The PPP has passed into other legislative conventions concerning specific types of industrial accidents, such as oil spills. These environmentally damaging events have strict restrictions and compensation schemes in place (MARPOL and the IOPC compensation fund) to ensure liable parties are held responsible and do everything in their means to ensure the environment is restored to its previous condition. It also helps compensate those who have encountered economic losses from the damage.
Holding states liable and claiming compensation is a lot harder to achieve on the international stage. The fact that some conventions are not signed and ratified by all states, and the few clearly defined environmental laws dealing with PCED, means that successful claims are quite scarce.
The Israel-Lebanon war of 2006 had a number of complicated instances of environmental damage inflicted by both sides. Israel suffered massive forest fires and damage to an asbestos factory, while Lebanon witnessed its worst ever coastal oil spill following air strikes. The first difficulty was that Hezbollah, a non-state actor, had carried out the attacks on Israel, meaning that Lebanon could not be held responsible in an international court. Military exemptions also prevented Lebanon claiming compensation from the IOPC fund. Moreover, neither state could pursue claims in the International Criminal Court as Lebanon had not signed the Rome Statute, while Israel has not ratified it.
Another example of International law failing to result in a successful claim followed the NATO air strikes on an industrial site at Pančhevo in Serbia. The strikes led to the release of thousands of tonnes of toxic chemicals into the environment. The Federal Republic of Yugoslavia brought claims against NATO for environmental damage to the ICJ, with the most applicable laws being the Geneva Convention AP1 Articles 35 & 55. However the extent of the damage failed to meet all of the threshold criteria of “widespread, long-term and severe” damage, therefore NATO was deemed not to have violated the Geneva Conventions,.

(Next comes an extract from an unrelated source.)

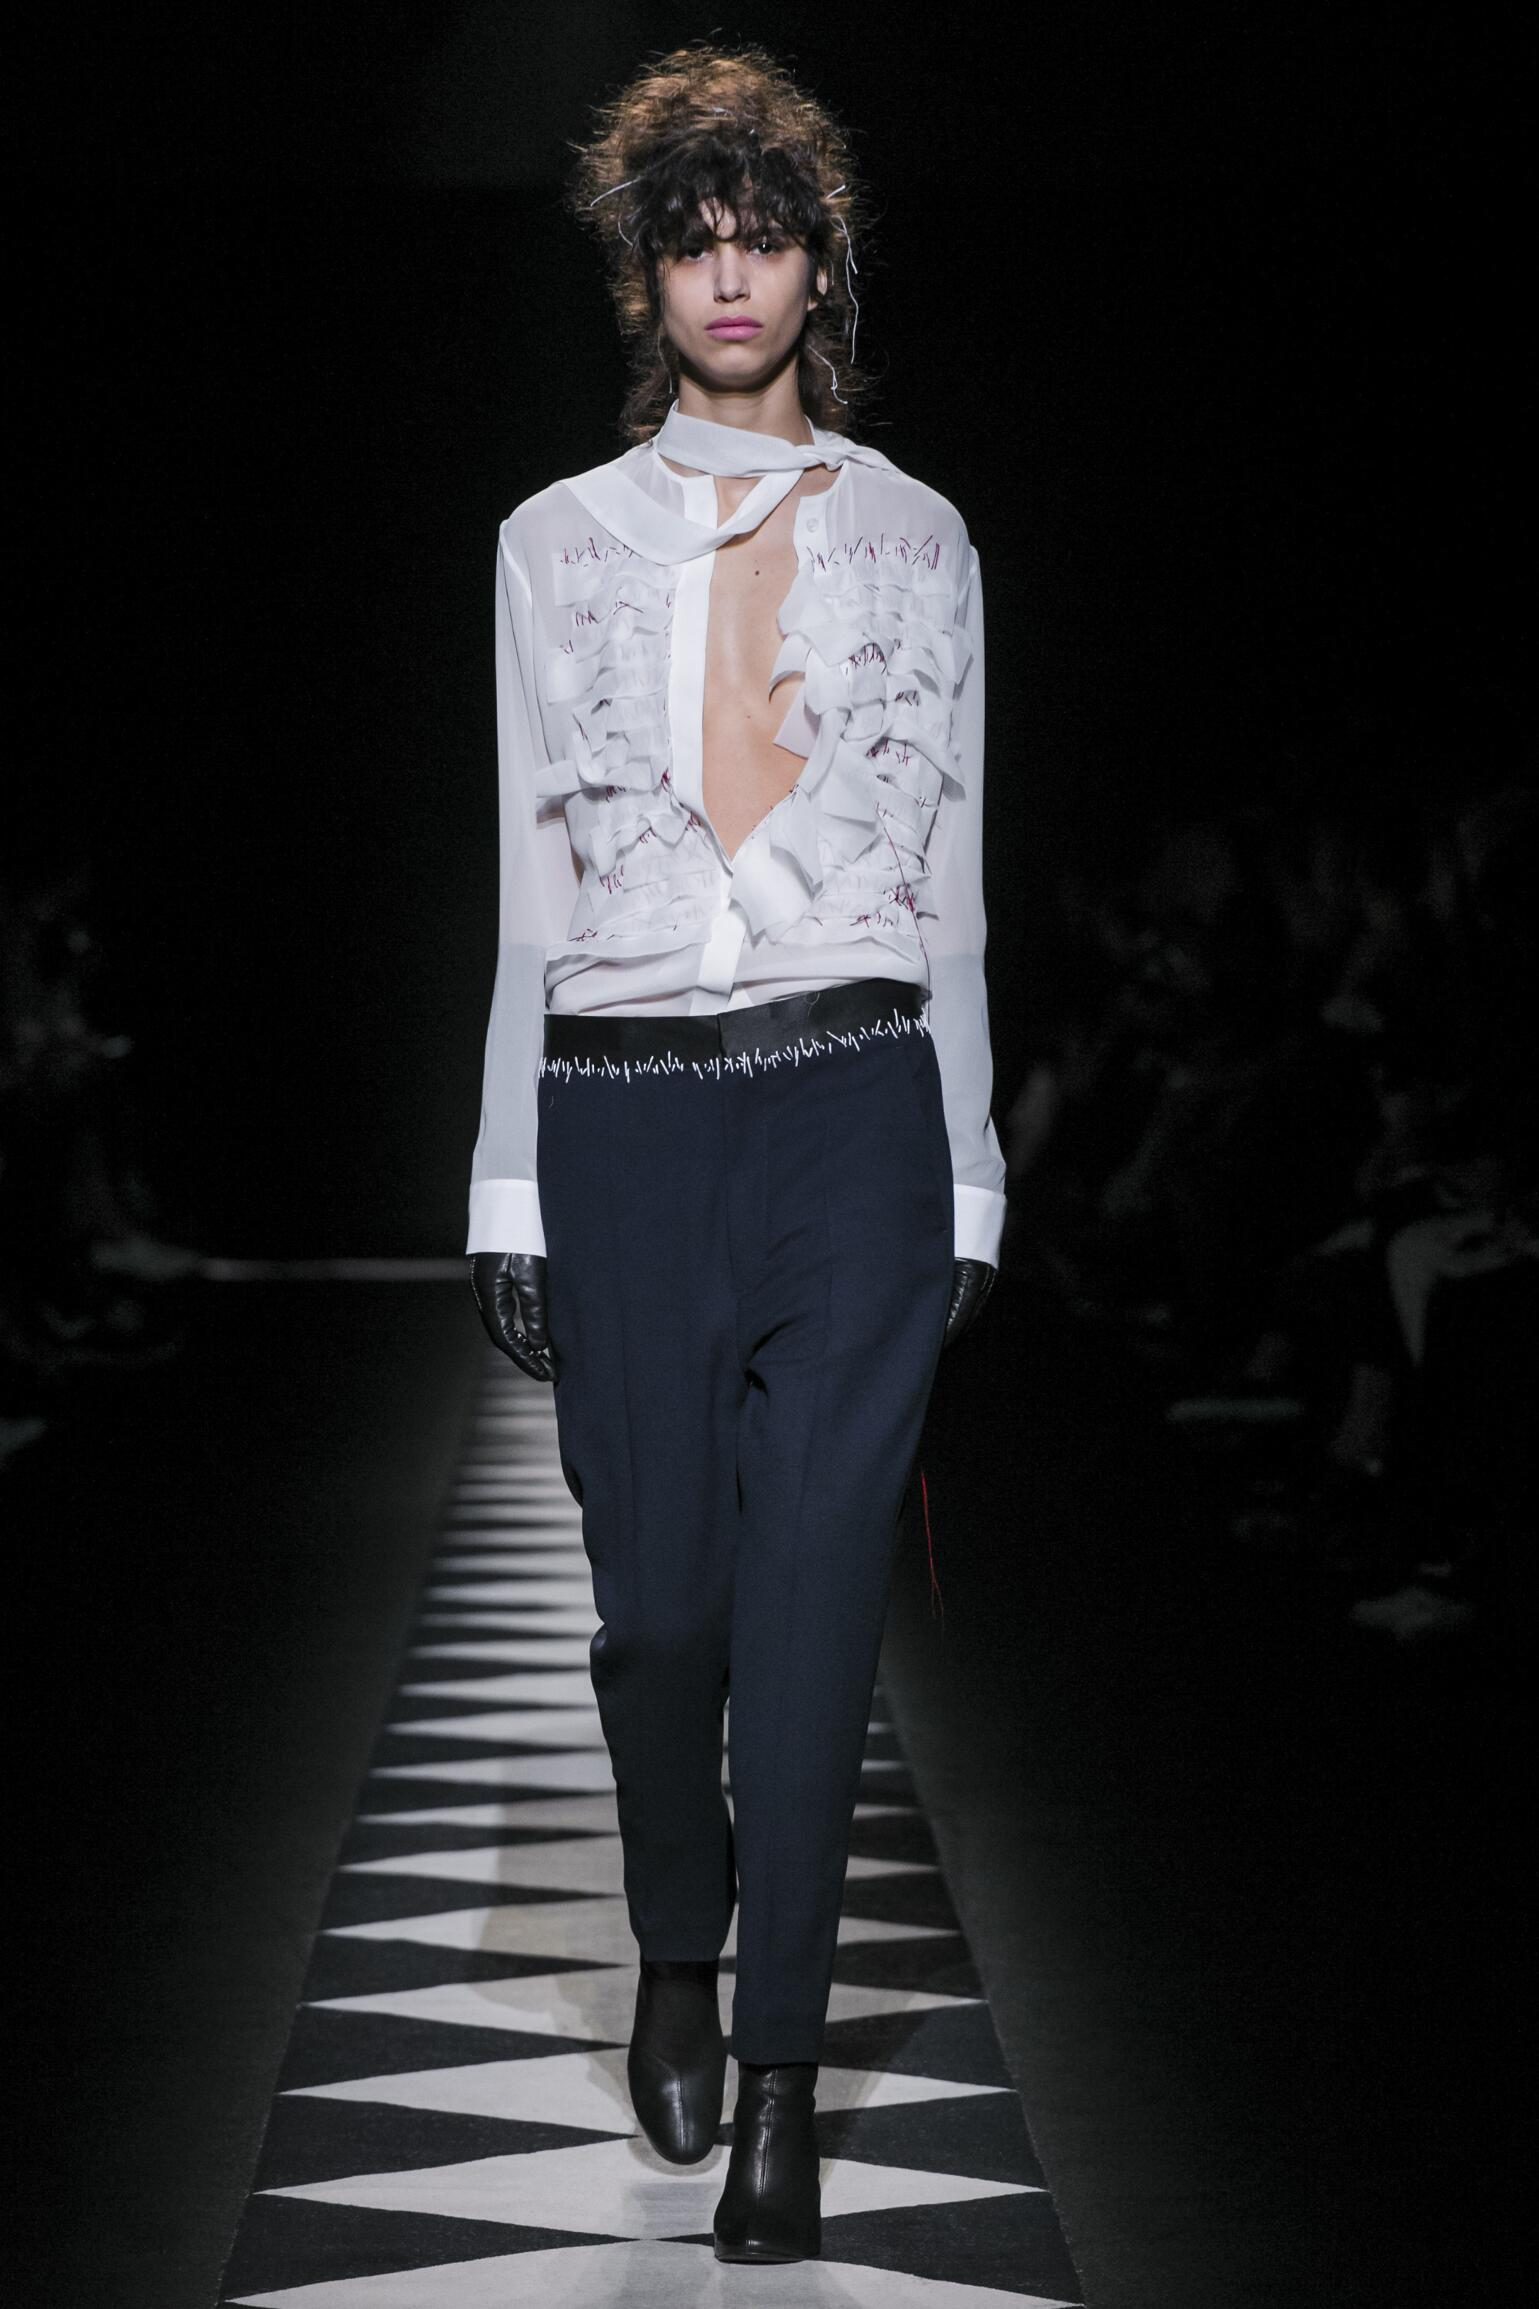 2015 Fashion Woman Model Haider Ackermann Collection Catwalk

The only current successful compensation claims relate to the 1991 Gulf War and Iraq’s retreat from Kuwait, where oil fields were set ablaze and oil purposefully released into the sea. The United Nations Compensation Commission (UNCC) was established to deal with damages as a result of the Iraqi occupation, including environmental damage. The UNCC dealt with 179 claims, amounting to US$80 billion worth of compensation. This was aided by the fact that Iraq was an oil rich nation, combined with a mixture of international laws and fuelled by the political will of the victors.
It is clear that further work is required to bridge the gap between the regulatory responses to industrial accidents and the response to environmental damage resulting from conflict and there is considerable scope for improving IHL provisions for the protection of the environment. Military exemptions in existing treaties surrounding applications for dual-use substances such as mercury need to be challenged in order to accelerate the search for less harmful alternatives. The aim of peacetime regulatory standards and norms is to prevent harm to human and environmental health and this principle of harm prevention is no less relevant during and after conflict.
Andy Garrity holds degrees in Environmental Science and Pollution Control and is a research assistant with the Toxic Remnants of War Project.